F.E.A.R. 3’s mechanics are spot-on with other first-person shooters. There is a decent cover system that allows you to lock on to nearly every wall and object, but I was surprised that you don’t really need to use cover. Sure, you will want to duck to avoid headshots, but you can often outsmart your enemies—especially if you are playing with a friend. Point Man can only carry two guns at a time, along with some grenades, and the weapons are quite standard.

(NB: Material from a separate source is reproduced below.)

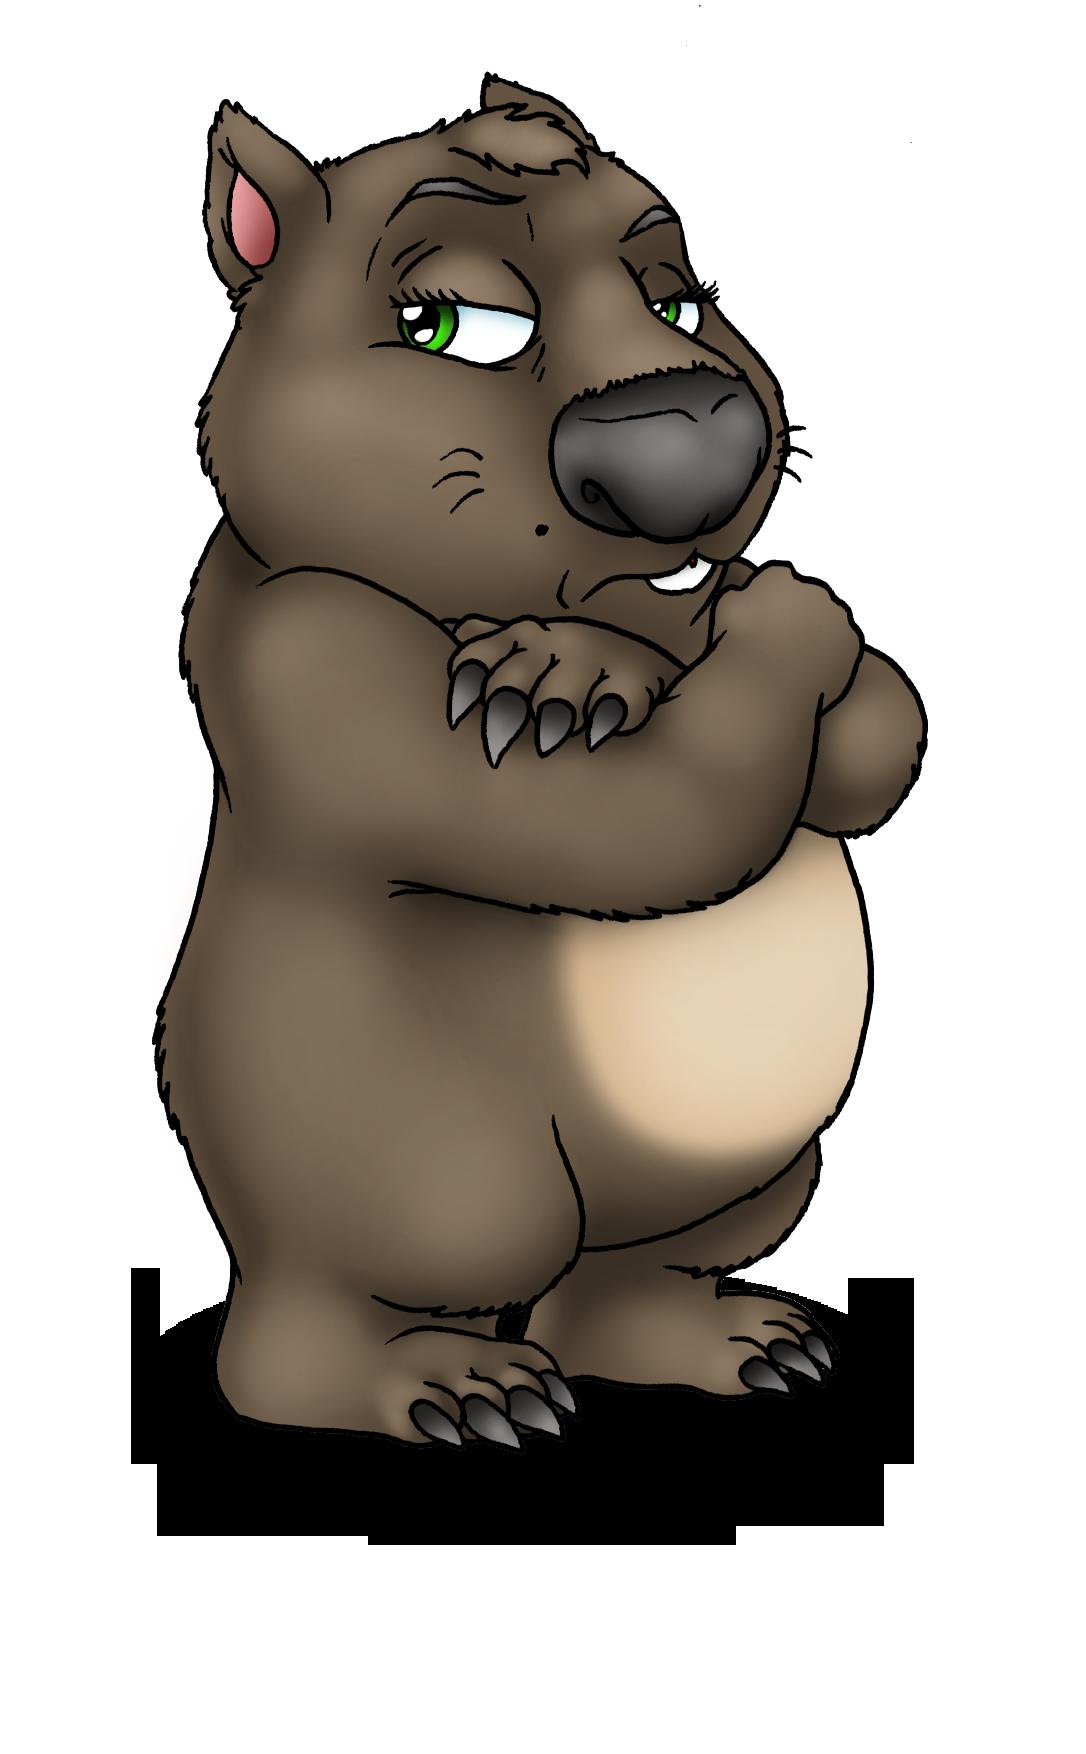 Koala clipart wombat. Special guest interview grumpy

Actually, they feel realistic for a paranormal-inspired title, so that again helps set that nice atmosphere Day 1 Studios established. Paxton Fettel has the ability to shoot red energy balls at enemies, but he can also take over their bodies and weapons for a limited time.
The progression and scoring system, which also works in multiplayer, gives both characters perks such as additional health. You’ll earn points, becoming the Favorite Son, by performing random activities like staying behind cover for a certain period of time, getting 15 melee kills, and knocking off enemies with certain guns. Perks and new skills are added automatically so your character is more powerful offline and online. Speaking of online, the multiplayer components are quite refreshing. They break the traditional FPS mold by offering unique modes like Fu**ing Run! which sends you and your friends on a frantic escape from the Wall of Death. Your squad must push through forces to out run the deathly cloud, and this is truly a thrilling experience. Soul Survivor is also team-based, but you randomly turn on your friends. The other modes include Soul King, which allows players to possess human enemies, fighting off AI combatants. You must collect the most souls to win. The final mode, Contractions, is like Zombie mode from Call of Duty. Your squad must face waves of Alma’s minions and frantically loot ammo. All of the multiplayer modes can be played with four players and there are plenty of unique maps to keep you busy.
F.E.A.R. 3 gets a lot of things right. It’s a real solid FPS, there is great co-op and re-playability, and the overall aesthetics are top notch. The boss fights are quite repetitive since there are really only two types—outside of the final encounter, that is. I would have liked some more variation, but it is still fun to kill any enemy in F.E.A.R. 3. You won’t soil your pants in a stinky mess playing F.E.A.R. 3, but you will probably have a lot of fun.